By December 2017, railways for the first time installed 6,095 GPS-enabled "Fog Pilot Assistance System" railway signalling devices in four most affected zones, Northern Railway zone, North Central Railway zone, North Eastern Railway zone and North Western Railway zone.

==Divisions==
The Zonal Headquarters Office of Northern Railways is at Baroda House, New Delhi, and it has 6 railway divisions, whose divisional headquarters are located at:
- Ambala railway division at Ambala (Haryana),
- Delhi railway division at Delhi,
- Firozpur railway division at Firozpur (Punjab),
- Lucknow NR railway division at Lucknow (Uttar Pradesh)
- Moradabad railway division at Moradabad (Western Uttar Pradesh)
- Jammu railway division at Jammu (Jammu and Kashmir).

The first passenger railway line in North India opened from Allahabad to Kanpur on 3 March 1859. This was followed in 1889, by the Delhi–Panipat–Ambala–Kalka line. Northern Railways previously consisted of eight divisional zones: Allahabad, Bikaner, Jodhpur, Delhi, Moradabad, Ferozpur, Ambala, and Lucknow, spanning most of North India.
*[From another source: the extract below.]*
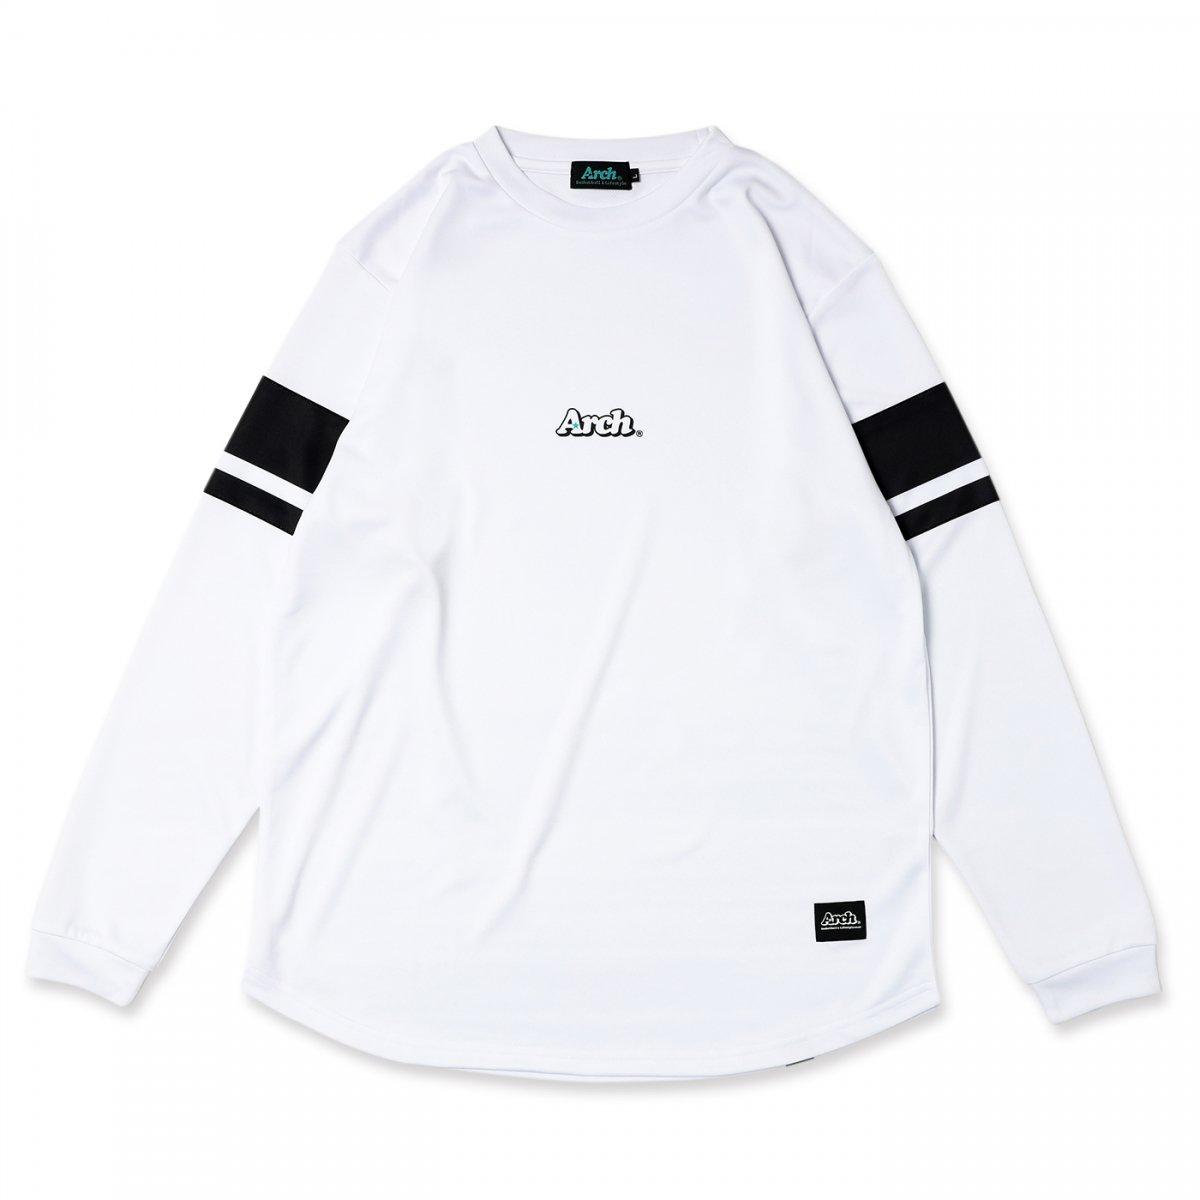 スリーブボーダー L/S Tシャツ ホワイト
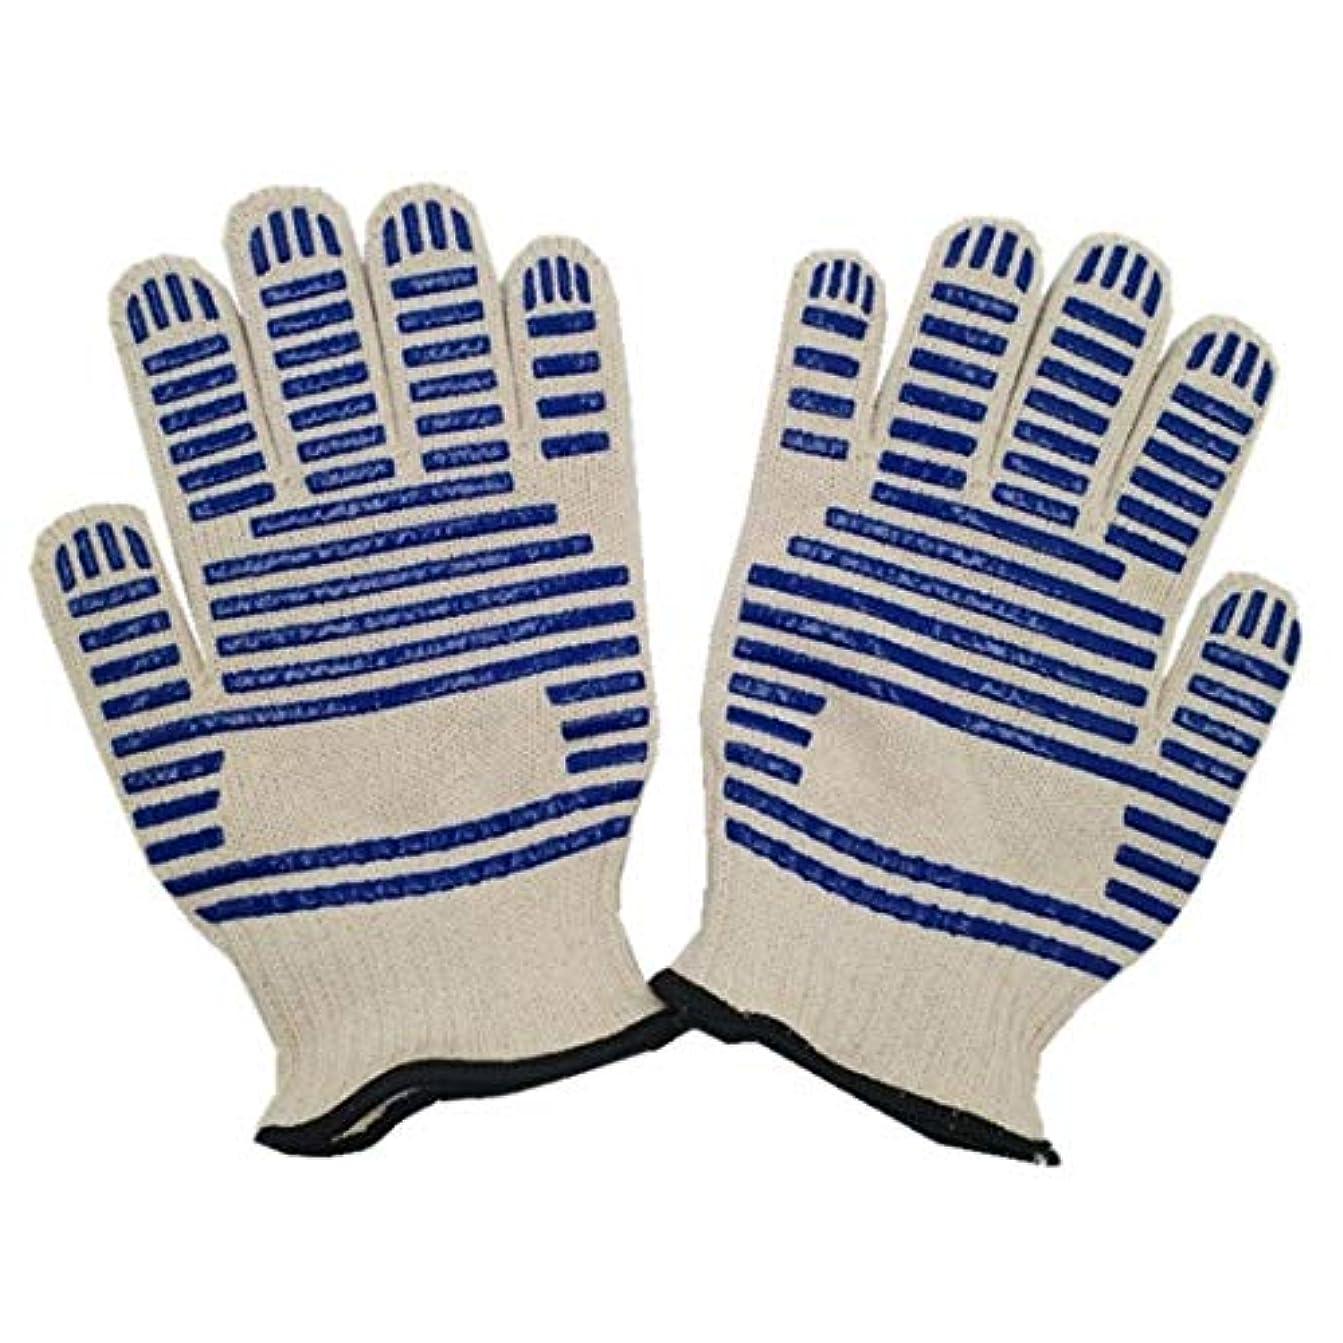 週末死傷者雑草Jiaoran 高温耐熱手袋、屋外キャンプ用手袋、ポリエステル/綿手袋

With the re-organisation of zones by the Indian Railways, Northern Railway zone came to its present form on 14 April 1952 and it now consists of six divisional zones. The Jammu railway division is the latest division which came to existence in 2025.

== Major stations in Northern Railway Zone ==
Below is a list of the breakup of stations by category.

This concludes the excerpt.